Although the long-awaited release of the Special Tenth Anniversary Criterion Collector's Extended Edition of Cedar Point's groundbreaking roller coaster Mantis was eagerly anticipated, sales of the product are falling flat due largely to complaints from the coaster enthusiast community.

Mantis was the first of the relatively short run of major, innovative, megalooping standup coasters from B&M to hit the market. Initially popular, the ride has seen interest in it wane in the intervening years, as more exciting and less ball-cracking rides were opened at Cedar Point and elsewhere. Nonetheless, the nostalgia market for Mantis was considered very strong, which led to the special edition being prepared for release this year, along with a major television and print marketing campaign.

"This is hardly any better than the original release that just had the coaster on it," complained ACE member Drew Marshall, 50. "They have a splashy new package and paint job, they talk up how many great extra features it has, and then it's such a pathetic letdown."

"While we are disappointed in sales, we assert very strongly that the Tenth Anniversary Mantis release is a strong one, and it is nonsense that these enthusiasts are whining about it," said a Cedar Point representative. "The behind-the-scenes featurette is extremely informative and offers never-before-seen looks into the making of the ride. The Banshee retrospective, complete with poster gallery, is comprehensive. And we even incorporated new, thrilling ride sections into the main footage of the ride, complete with specially composed new music and fully integrated effects and headbanging. It's a definitive anniversary product."

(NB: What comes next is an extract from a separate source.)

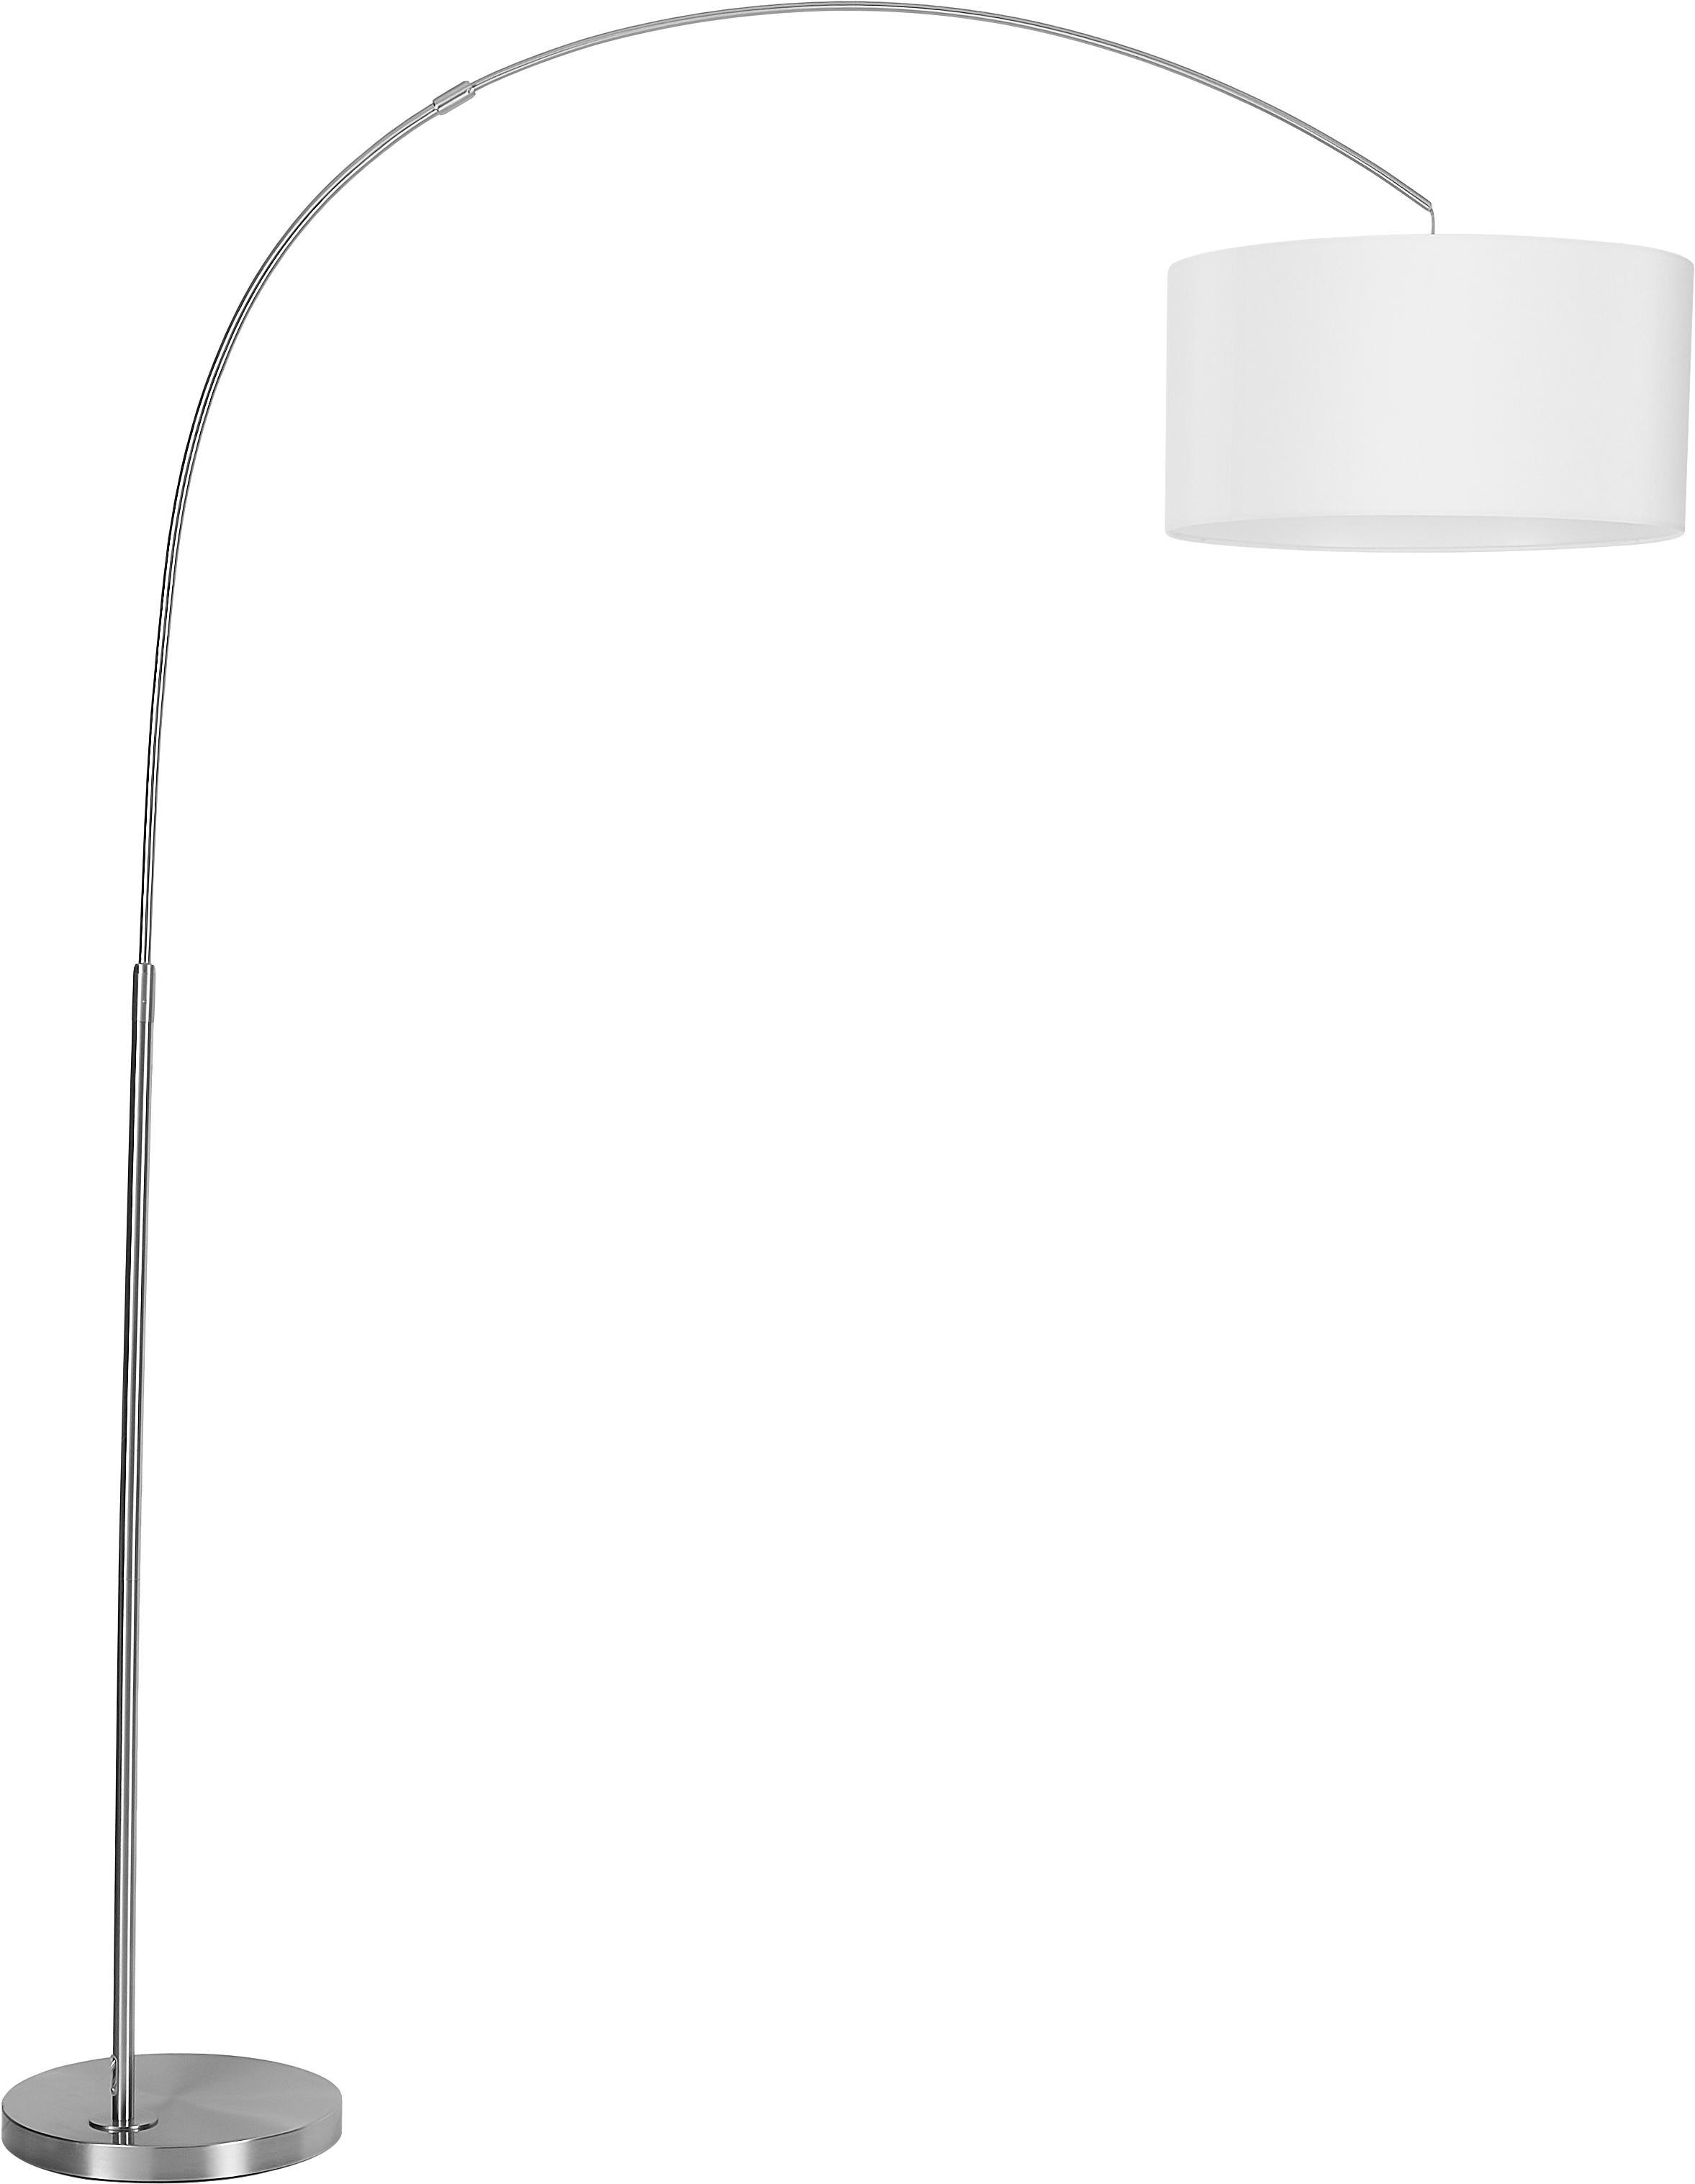 Lampada da terra ad arco Niels, Base della lampada: metallo spazzolato, Paralume: miscela di cotone, Paralume: bianco Base della lampada: argento Cavo: trasparente, Larg. 157 x Alt. 218 cm
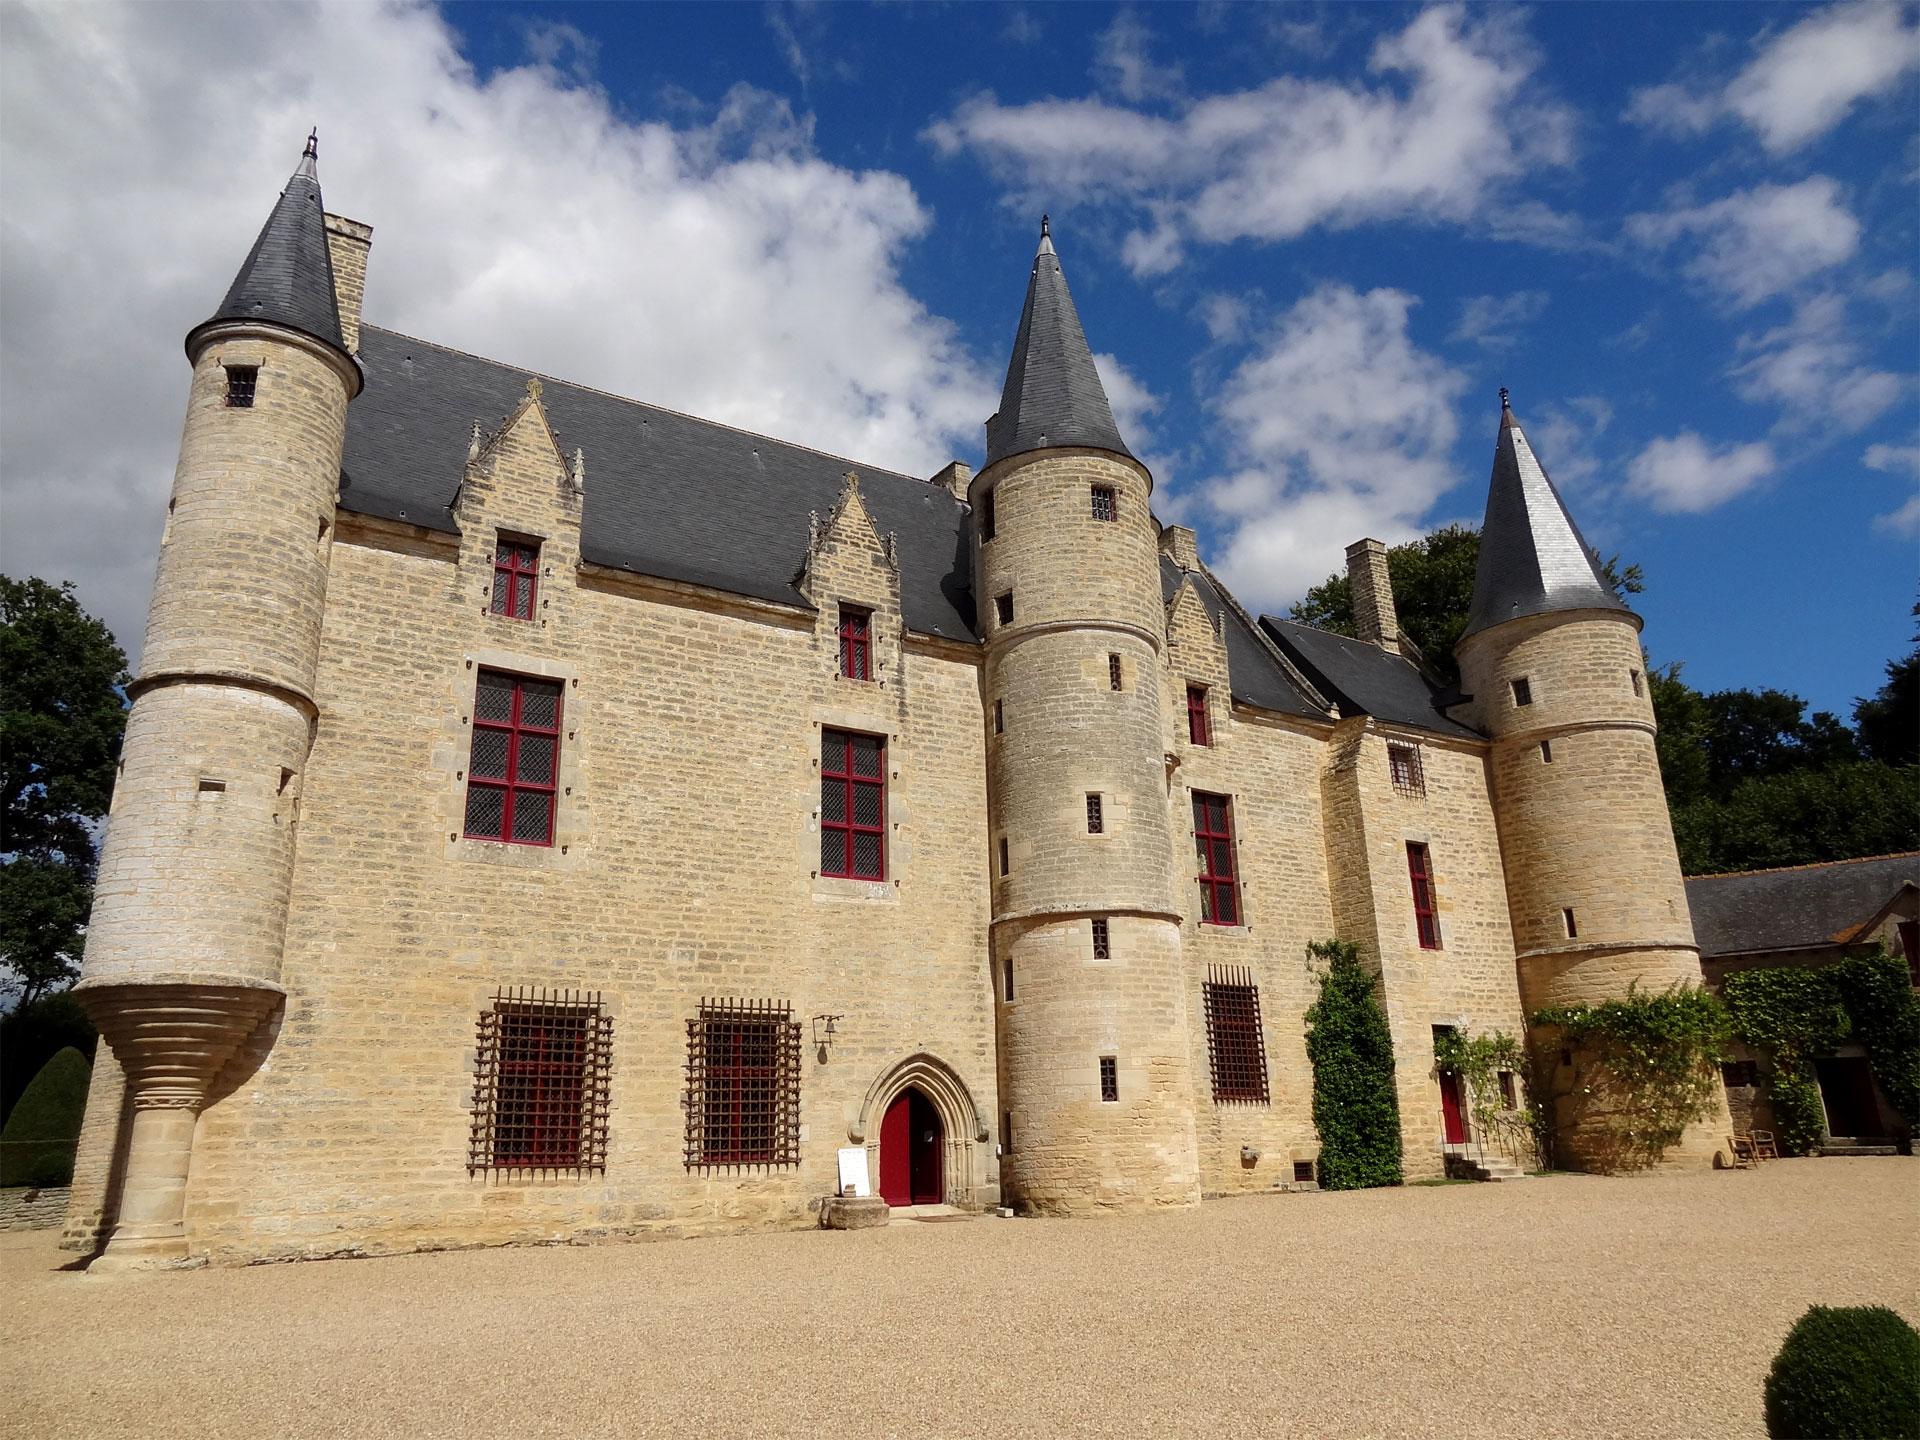 Château du Hac, Le Quiou

"Whatever," sighed Marshall. "Sure, the incorporated footage is cool. But they have that and those two featurettes, and that's it! No deleted track sections, no commentary track from Bolliger and Mabillard, no outtakes, no easter eggs, no commemorative upstop wheel parts, not even the original trailer! And for 45 bucks? Screw that!"

Lagging sales for the Mantis anniversary package have reportedly had representatives of the New York New York Casino in Las Vegas rethinking their plans to release a monumental Ultimate Quadrilogy Collection for their Manhattan Express coaster's gala tenth anniversary celebration next year.